München - Das Mainzer Unternehmen Biontech, das gemeinsam mit dem US-Pharmariesen Pfizer einen der weltweit ersten Coronavirus-Impfstoffe auf den Markt gebracht hat, ist für den Deutschen Zukunftspreis 2021 nominiert.

Ugur Sahin (56, l.) und Özlem Türeci (54), die Gründer des Corona-Impfstoff-Entwicklers Biontech, könnten einen Preis einheimsen.
Ugur Sahin (56, l.) und Özlem Türeci (54), die Gründer des Corona-Impfstoff-Entwicklers Biontech, könnten einen Preis einheimsen.  © Reinhard Krause/Deutsches Museum/dpa

Weitere für den prestigeträchtigen Preis nominierte Teams haben eine neuartige Technik für bessere Computertomographie-Bilder entwickelt und alternativen Kautschuk hergestellt.

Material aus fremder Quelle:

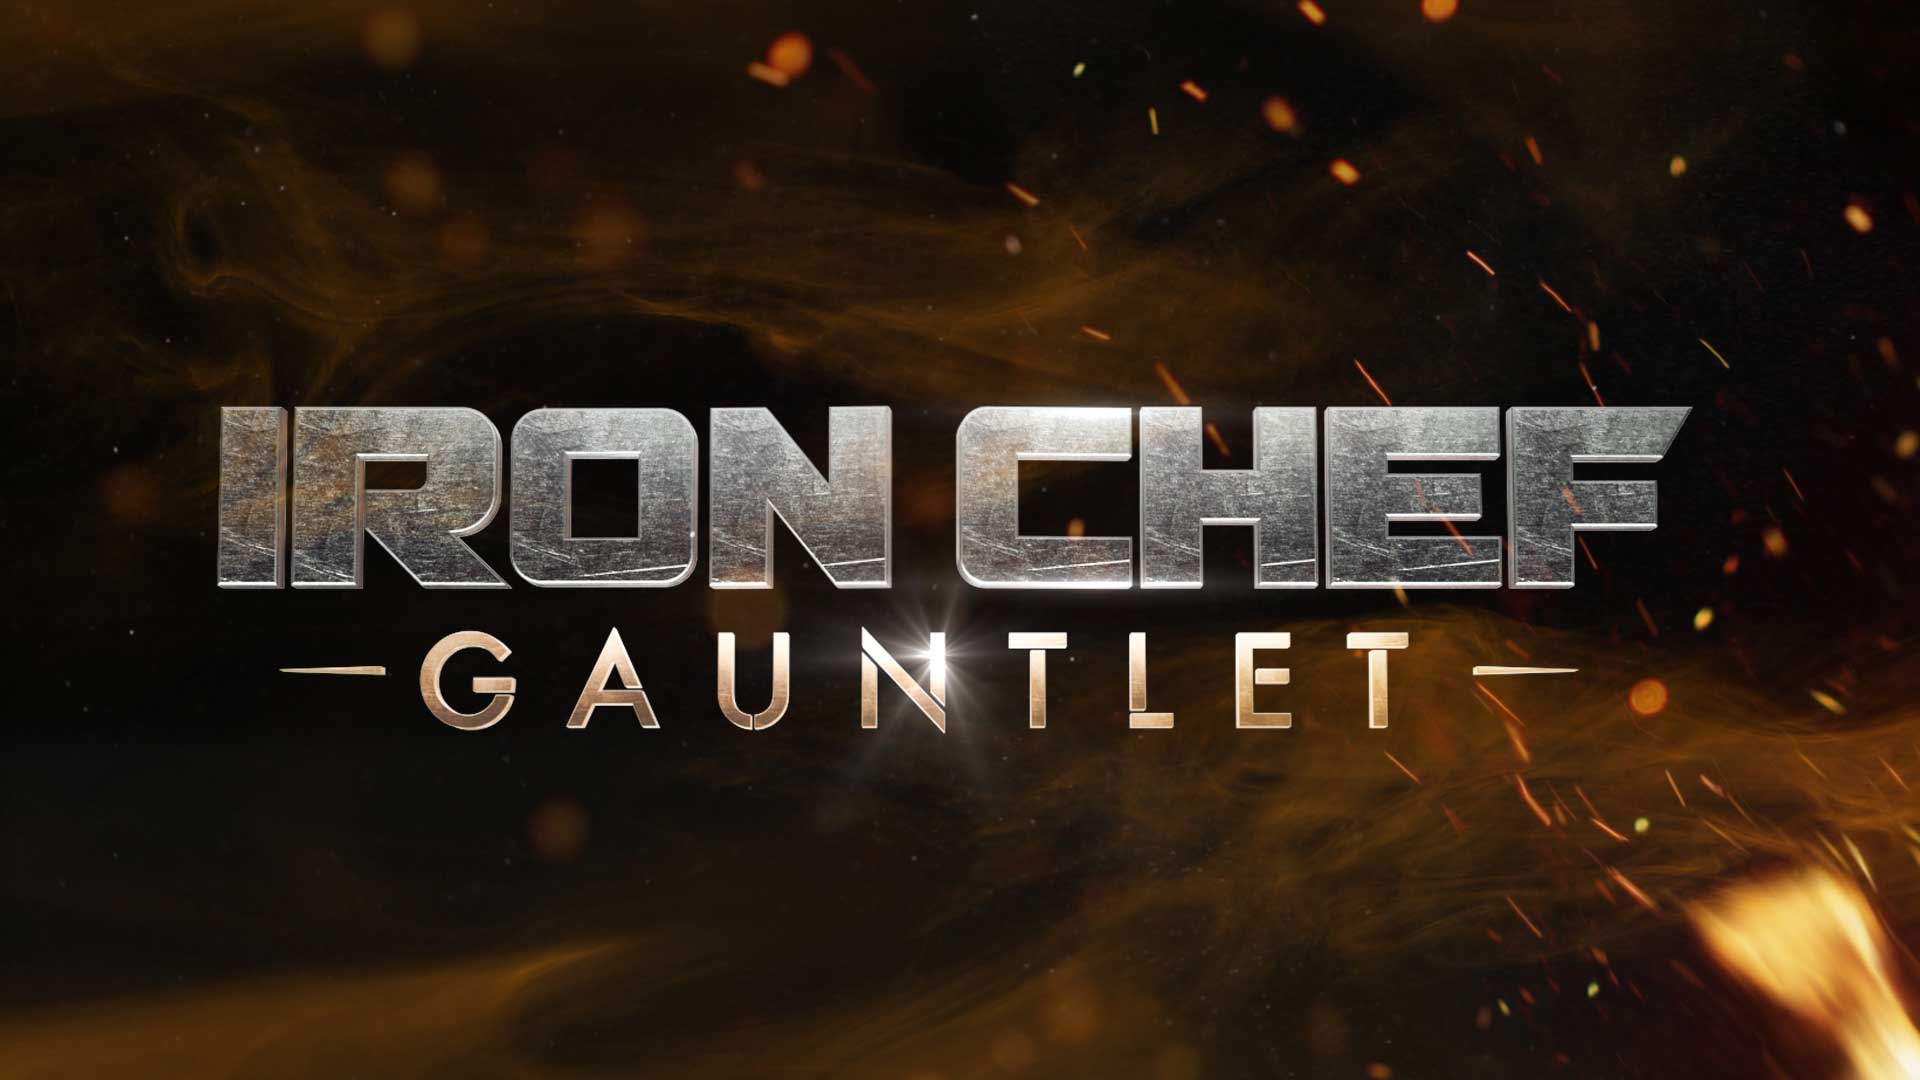 Iron Chef Gauntlet - Season 1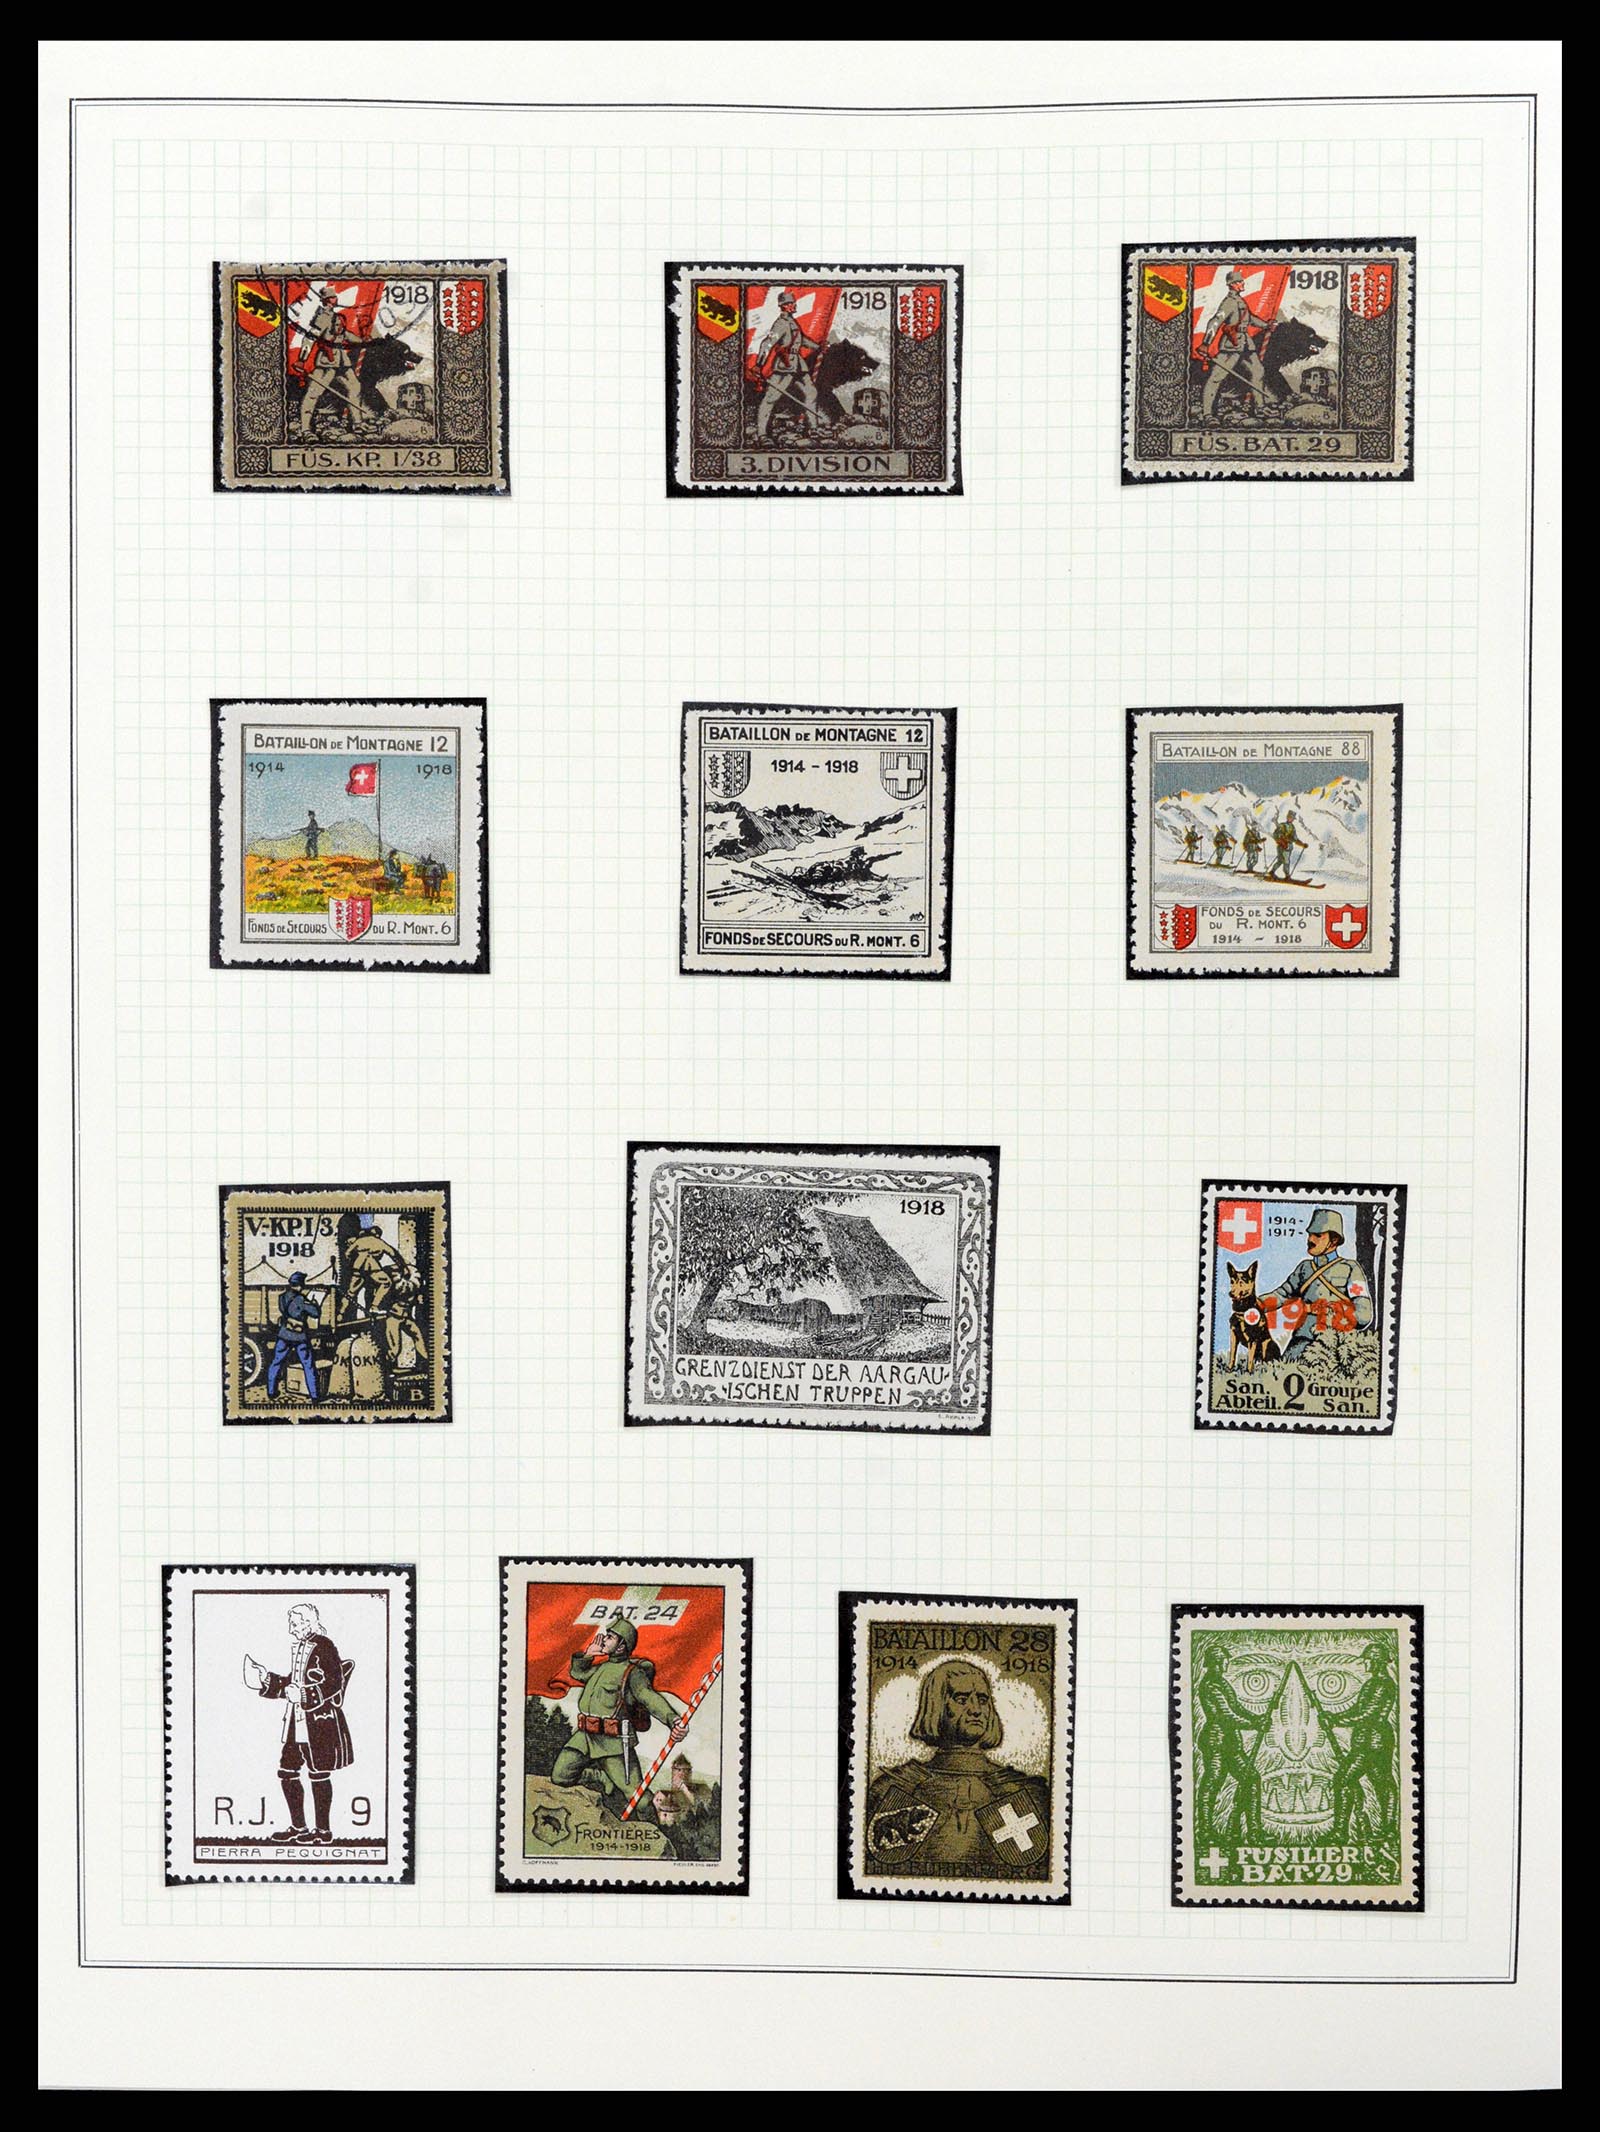 37642 001 - Stamp collection 37642 Switzerland soldier stamps 1914-1945.

Die drei Forscherteams stellten ihre Entwicklungen am Mittwoch im Deutschen Museum in München vor. Bundespräsident Frank-Walter Steinmeier verleiht die mit 250.000 Euro dotierte Auszeichnung am 17. Dezember in Berlin. Sie zählt zu den wichtigsten Wissenschaftspreisen in Deutschland.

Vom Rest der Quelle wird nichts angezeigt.